“拿上这张支票,从此以后你就不再是我们唐家的人了。”
叶珈缓缓的抬起头,望向鎏金梨花木台后的声音的主人,神色平静的拾起了被随意丢在面前茶几上的白色纸片,只是嘴角的抽动让人察觉到了他心情异样。
纸片上的一串数字让人晕眩,换作是旁人早就因为这笔财富而欣喜若狂了,然而叶珈所感到的只有心底的一片冰冷,不疼不痛,却深入骨髓。
“太少了。”叶珈微启嘴唇,声音不大但很清晰的说出了三个字。
“以庶子的身份而言,给你这些钱已经算是格外开恩了!”鎏金梨花木台后有人说道,却不是刚才那个沉稳且威严的声音了,说话的人明显还年轻,这从声调中那毫无掩饰的张狂和鄙薄就听的出来。
叶珈不置可否的一笑,却是把目光转向了说第一句话的中年人。
上位者的气势在中年人身上一展无余,眼中精光不时闪过,然而就是这样的一个男人,居然在和叶珈对视了两分钟后败下阵来,率先阖上了双目。
“父亲……”中年人身边侍立的年轻人看到自己的父亲有些异样,不由出声相询,刚才出声斥责叶珈的也正是他。
中年人没有说话,不过那抬起的手掌做出了一个噤声的手势,房间中一下静得针落可闻。
须臾,中年人面色略显沉重的睁开眼睛,右手飞速的在新支票上写下了一串更长的数字,然后头也不回的走出了房间,年轻人见此也亦步亦趋的跟着自己的父亲离开,只留下叶珈一人默默伫立在梨花木台前。
“你欠妈妈和我的,永远不是金钱所能弥补的。”半响,叶珈恨声自语。
……
叶珈从后视镜里最后望了一眼唐家金碧辉煌、美轮美奂的大宅,然后再不留恋的踩下油门,开车绝尘而去。在他的身后,唐家大宅两扇十余米高的镂空雕花铜门渐渐闭合。
庶子,是的,不要怀疑,这个普通人看似已经成为老古董的称谓依然存在于当时的众多豪门世家之中。
叶珈就是这样的一个庶子,一个曾经属于中国顶尖豪门唐家的庶子,如今已经因为母亲的故去而成了无根飘萍。

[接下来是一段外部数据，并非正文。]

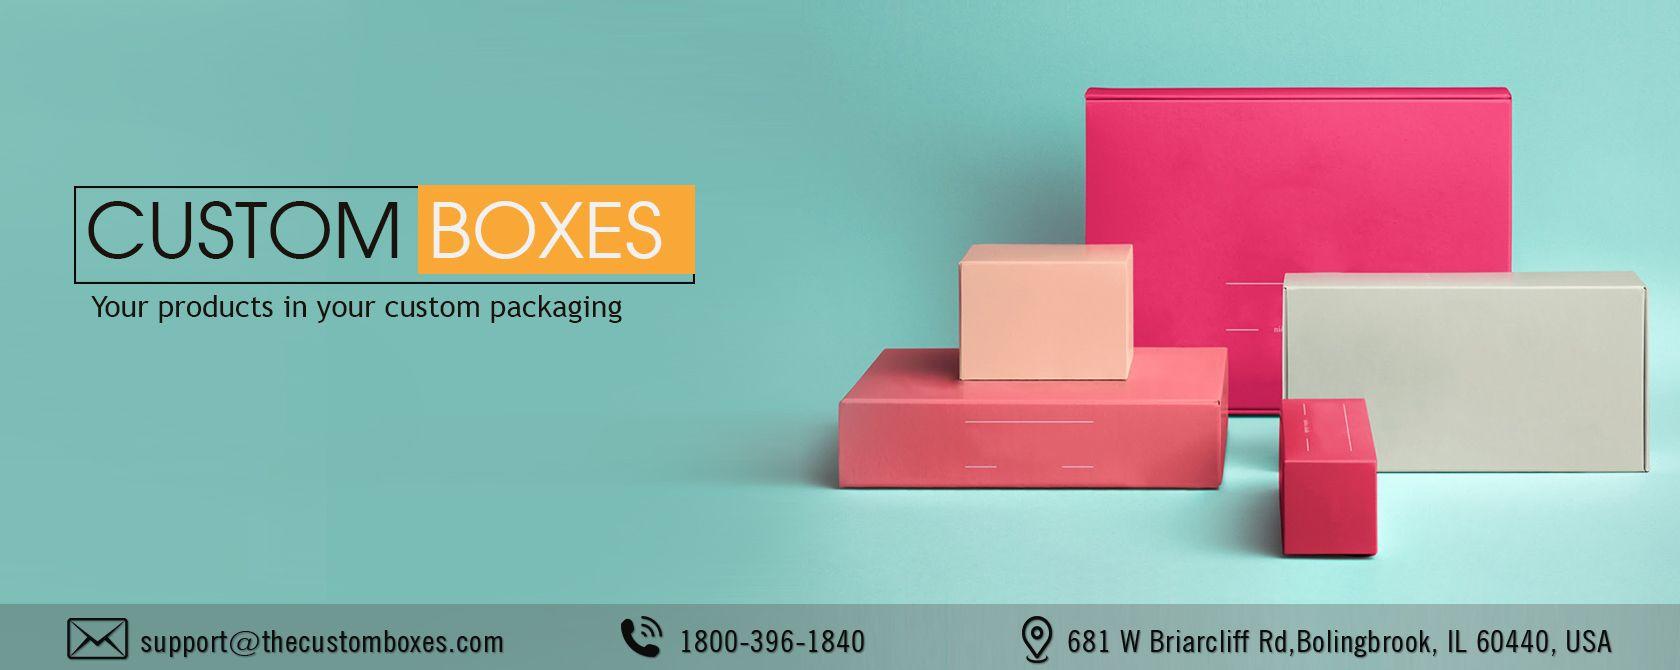 custom-boxes.jpg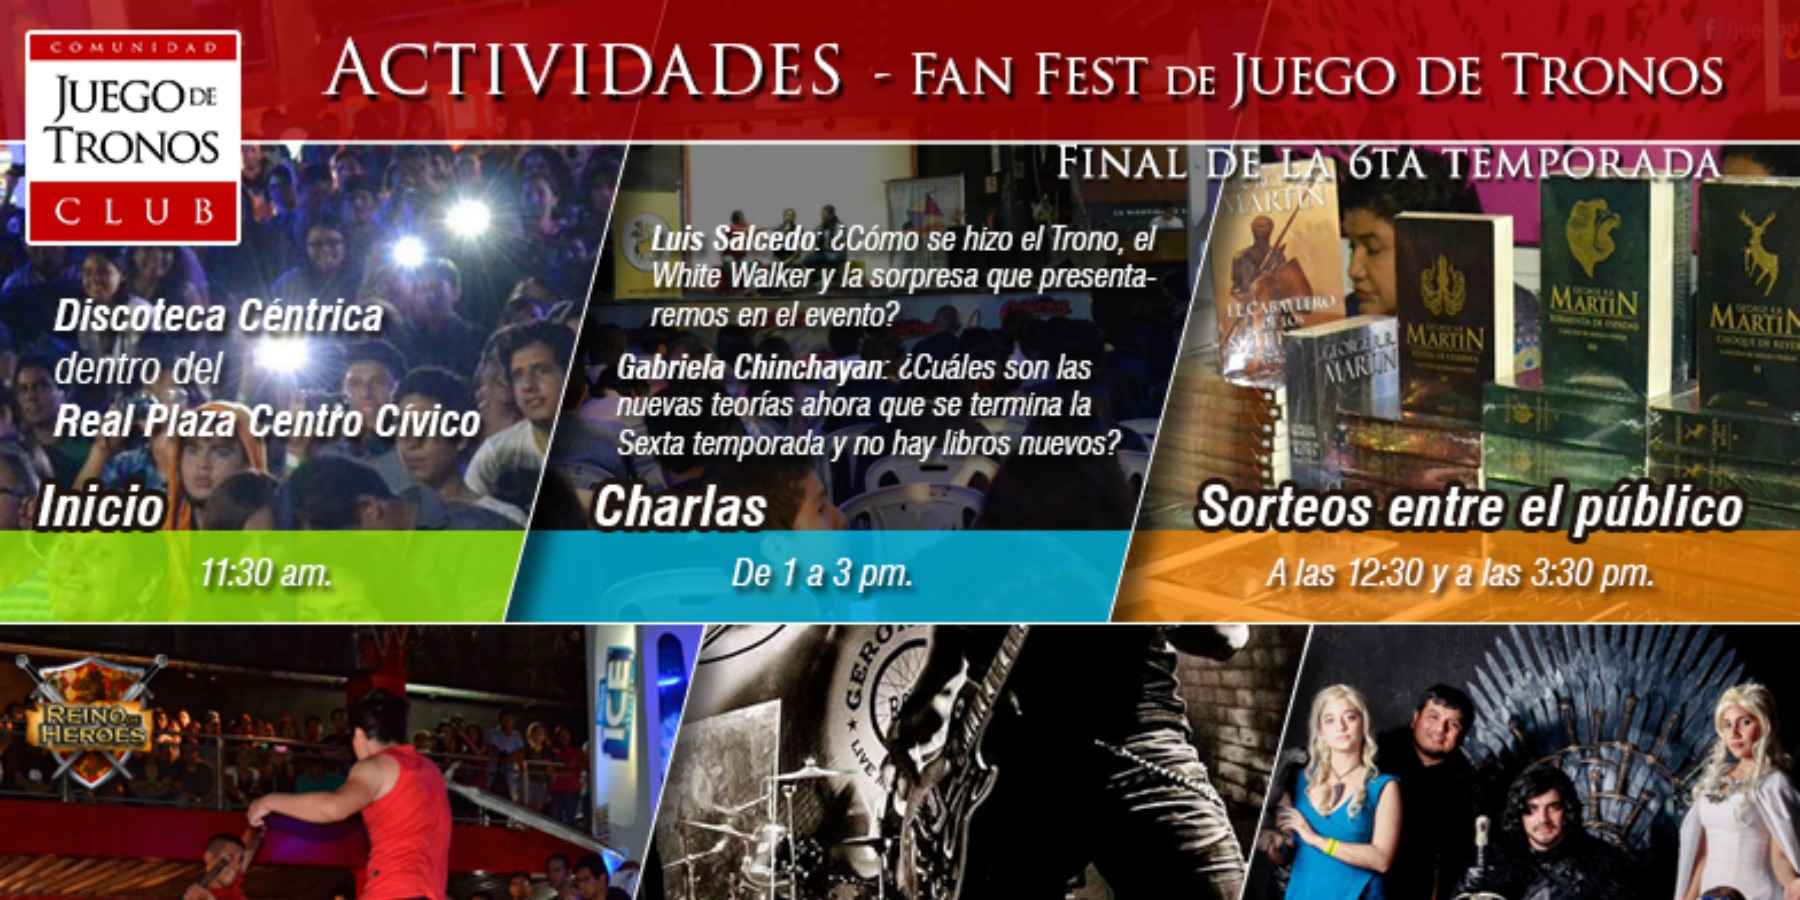 Fan Fest Juego de Tronos | Final de temporada

中国的顶尖豪门大多沿袭了封建时代的生活方式和家规:家主可以有多房夫人,但是却只能有一位正房夫人,正房夫人所诞之子方可继承正统,称为嫡子嫡女;而其他夫人所诞皆为庶子庶女,如果他们的母亲在家主过世前便死去,庶子女就会被逐出家门。
庶子是没有资格使用家主姓氏的,叶珈的母亲姓叶,所以叶珈也跟着姓叶而不姓唐。
对于庶子而言,最好的命运莫过于等着当代家主去世后,被新家主,也就是他们同父异母的兄弟分配一个家族企业内无关痛痒的职务,然后提升一级奉养,最后衣食无忧、索然无味的过完一辈子。
不过叶珈没有那么“幸运”,随着那个在世界上唯一疼爱他的母亲去世,他只能拿着一份奉养离开。那份奉养在常人看来是不少了,可对于豪门世家而言,也不过就是打发叫花子的水平。
亏得叶珈在这世家氛围中从小养成了冷静务实的个性,没有像那些肥皂剧中的主角们很牛的在自己老爹面前把支票撕得粉碎然后扬长而去——那样只会把自己陷入绝境。相反的,他还充分利用了那个冷漠的家主父亲对他母亲的最后一点留恋和歉疚,成功的获得了一笔让人乍舌的奉养费。
叶珈左手捏着衣兜里的支票,右手握着方向盘,视线渐渐的模糊了起来,只是泪水却一直没有流出来。叶珈在咬牙忍着,他知道从这一刻起,所有的一切都只能靠他自己,所以他不能掉眼泪。
车子不知不觉间就从唐家大宅所在的郊外开进了市区,叶珈稍一犹豫,便驱车向自己念大学时候名下的房产驶去。